Managing the Google Cloud Platform: On deprecation notices and pricing policies
It's all fun and games until Google Cloud Platform forcibly upgrades your application.
This blog post was originally meant to showcase a neat trick to simplify secret handling in GCP, but when I started writing this I learned that they've deprecated the code I wanted to write about.
So, let's talk about GCP's deprecations instead.
“Deprecate: To mark (a component of a software standard) as obsolete to warn against its use in the future so that it may be phased out (source).”
Blindsided by a platform upgrade
I was first bitten by Google's deprecations in january 2019. My phone rang and a worried customer reported that they were not able to conduct business in their web application. This was an internal business tool which they heavily relied on for their daily work, it was now dead in the water, when they tried to save or edit data it simply threw errors.
I went to the application logs to investigate and after some sweaty minutes I learned that this Java application had been forcibly upgraded from java 7 to java 8! After a quick chat with my manager I cleared my work calendar and built an emergency fix over the next couple of days and evenings.
Thankfully, it didn't take a lot of code to add a compatibility layer between our code and java 8, but it took time to research and verify that the fix worked as intended. I was happy that we were able to fix the issue so quickly, and at the same time quite annoyed that we had missed the java 7 deprecation notice.
Upgrading into new pricing policies
After this stressful and formative experience I was motivated to ensure that we wouldn't get bitten by deprecations again. So, I invested time into migrating the application's database from MySQL 5.5 to MySQL 5.7. MySQL 5.5 which is a first generation Cloud SQL offering is scheduled to be decommisioned march 25th 2020.
Interestingly, I also had to look into Google's new database pricing policy. When I did some cursory testing of the second generation databases I saw that activating binary logging would fill up the database's disk space over time. I also saw that there was a setting for automatically and permanently increasing the disk space when free space was below some percentage treshold. Both binary logging and diskspace-auto-increase are activated by default when provisioning new database instances (at the time of writing).
Considering these default settings I would argue that it can easily lead to unecessarily overprovisioned databases. It's a great deal for Google but not so much for users that might be forced to quickly do a database migration without enough time to consider the implications of these settings.
The trick that became obsolete
I originally wanted to share a nice trick around managing secrets when deploying a java application to GCP. And I still want to share that trick, even though it will be made irrelevant by this deprecation notice.
In the example above I show how you can deploy an application to Google app engine and provide it with credentials as parameters. This solves the problem of storing secrets (like database passwords) inside your codebase (see 12factor.net/config).
We are currently using this approach to provide database passwords when deploying a java application to GCP. However, with the deprecation notice we'll need to change that in order to avoid breaking our app. I've already tried this approach with the new Cloud SDK setup and it doesn't work. I don't blame Google for this breaking change as this was probably not how they intended users to provide secrets to their cloud deployments.

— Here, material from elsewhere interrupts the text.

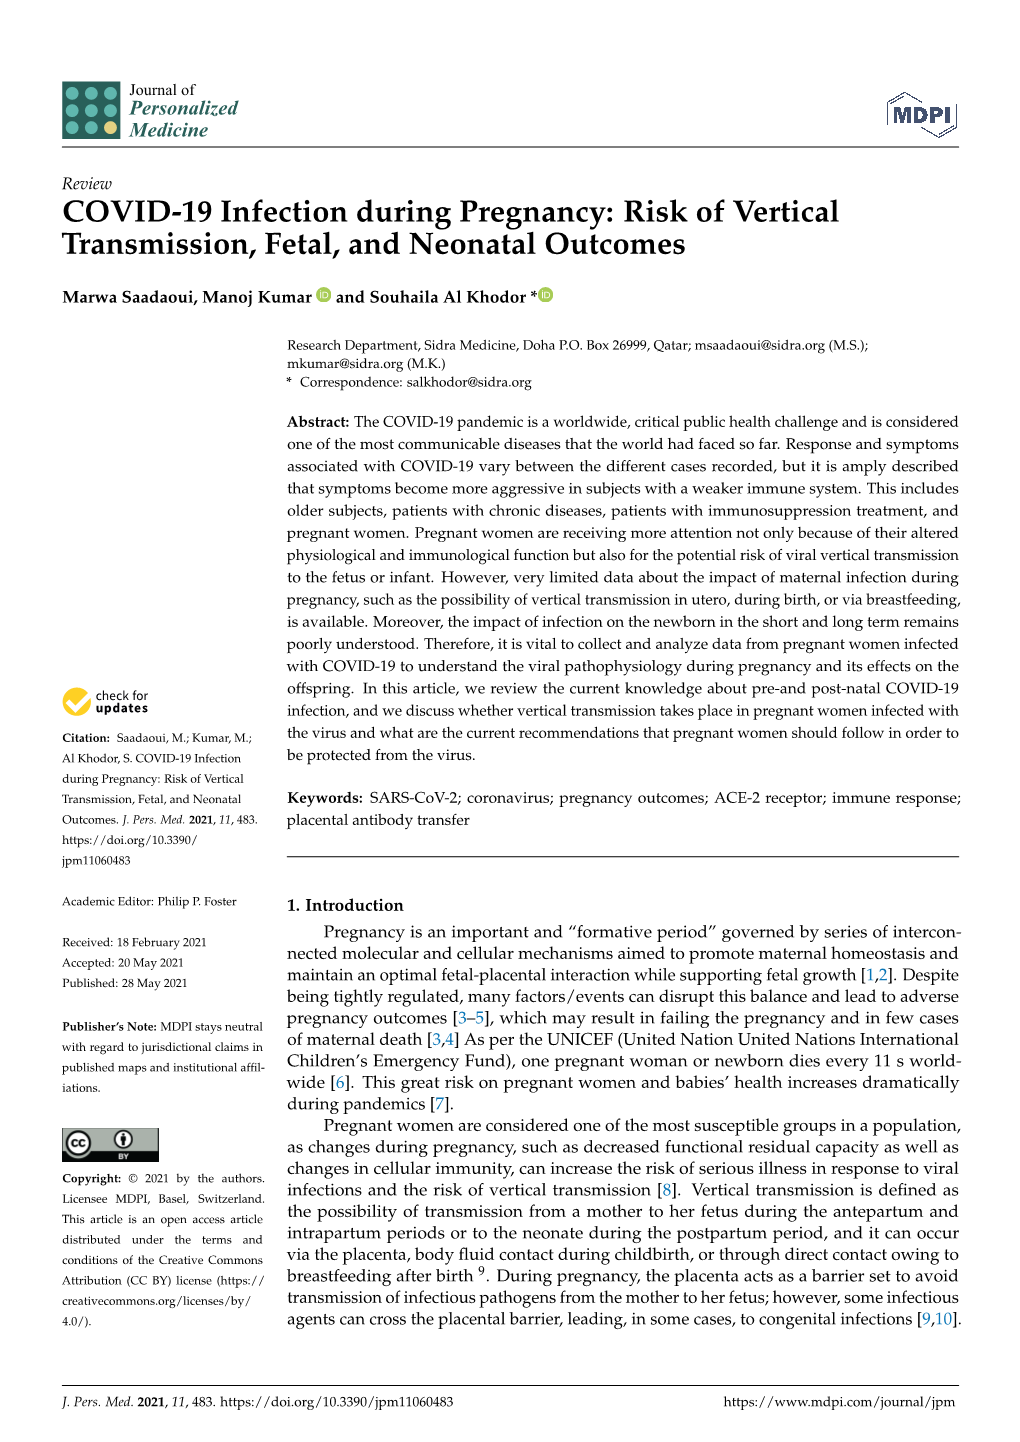 Risk of Vertical Transmission, Fetal, and Neonatal Outcomes

Moving forward we'll need to re-visit the recommendations on how to connect to Cloud SQL from app engine. This example shows how to provide secrets as environment variables on the server, which is a very standard way of providing secrets. We should just do that.
Beyond environment variables there's also Google's Cloud Key Management Service. The KMS documentation has a lengthy article on considerations for secret management. So, there's no shortage on advice and services to buy.

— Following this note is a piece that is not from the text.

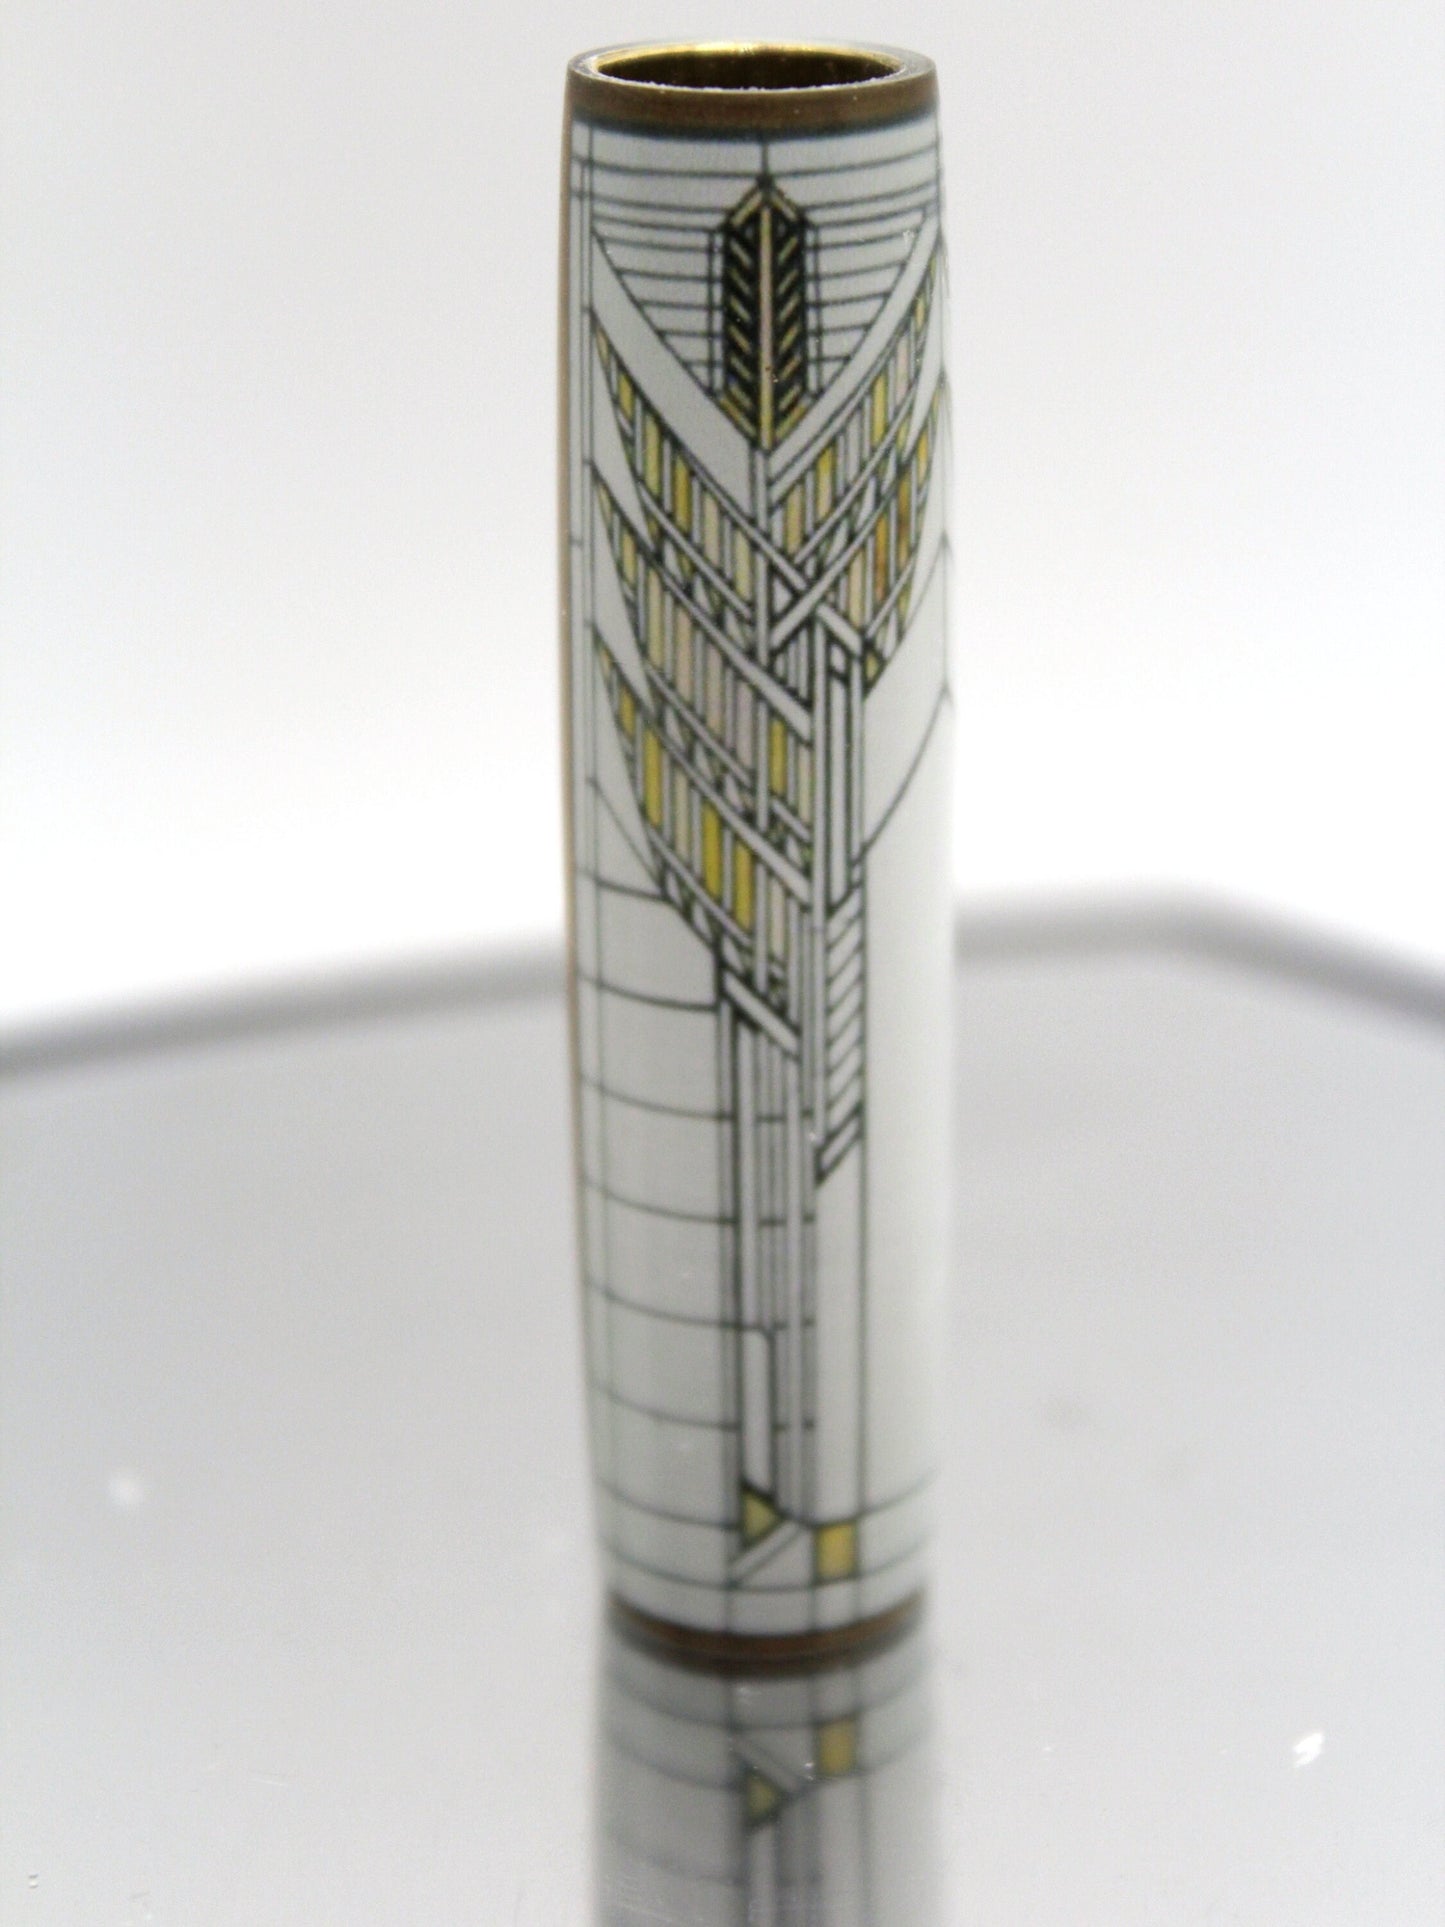 Frank Lloyd Wright - Sheaves of Wheat Stained Glass from Darwin D. Martin House Resin Cast Pen Blank for Classic Sierra Style Pen Kits

Wisening up regarding cloud providers
Through one hard lesson I've become more vigilant about platform as a service (PaaS) providers such as Google Cloud Platform and Amazon Web Services. They constantly evolve in an effort to outcompete each other and improve their earnings.
This rate of change does differ amongst PaaS providers. For example there's Heroku which in my experience doesn't try to do everything like GCP and AWS and thus evolves more slowly with less or no need for deprecation notices.
So, when evaluating and re-evaluating PaaS providers consider how they choose to drive change:
- Does the PaaS evolve with no changes needed by you, or do they use deprecation notices that eventually force your hand to update the code? On one side you're getting stability, while on the other side you might be getting a lot of improvements and new features.
- Do they require you to learn a lot of details that are only applicable do their platform? Investing a lot of time into learning the particularities of a platform in order to properly leverage it is also a certain lock-in. On one hand you get to use sophisticated features but it does make it harder to switch to a different PaaS.
- Do deprecations come with pricing changes? Once you're on their platform a PaaS provider might experiment with the pricing scheme to see how much of a price hike you're willing to put up with without switching to another PaaS.
Best of luck in keeping up with your PaaS provider. I'll be over here upgrading my app to java 11 before GCP beats me to it.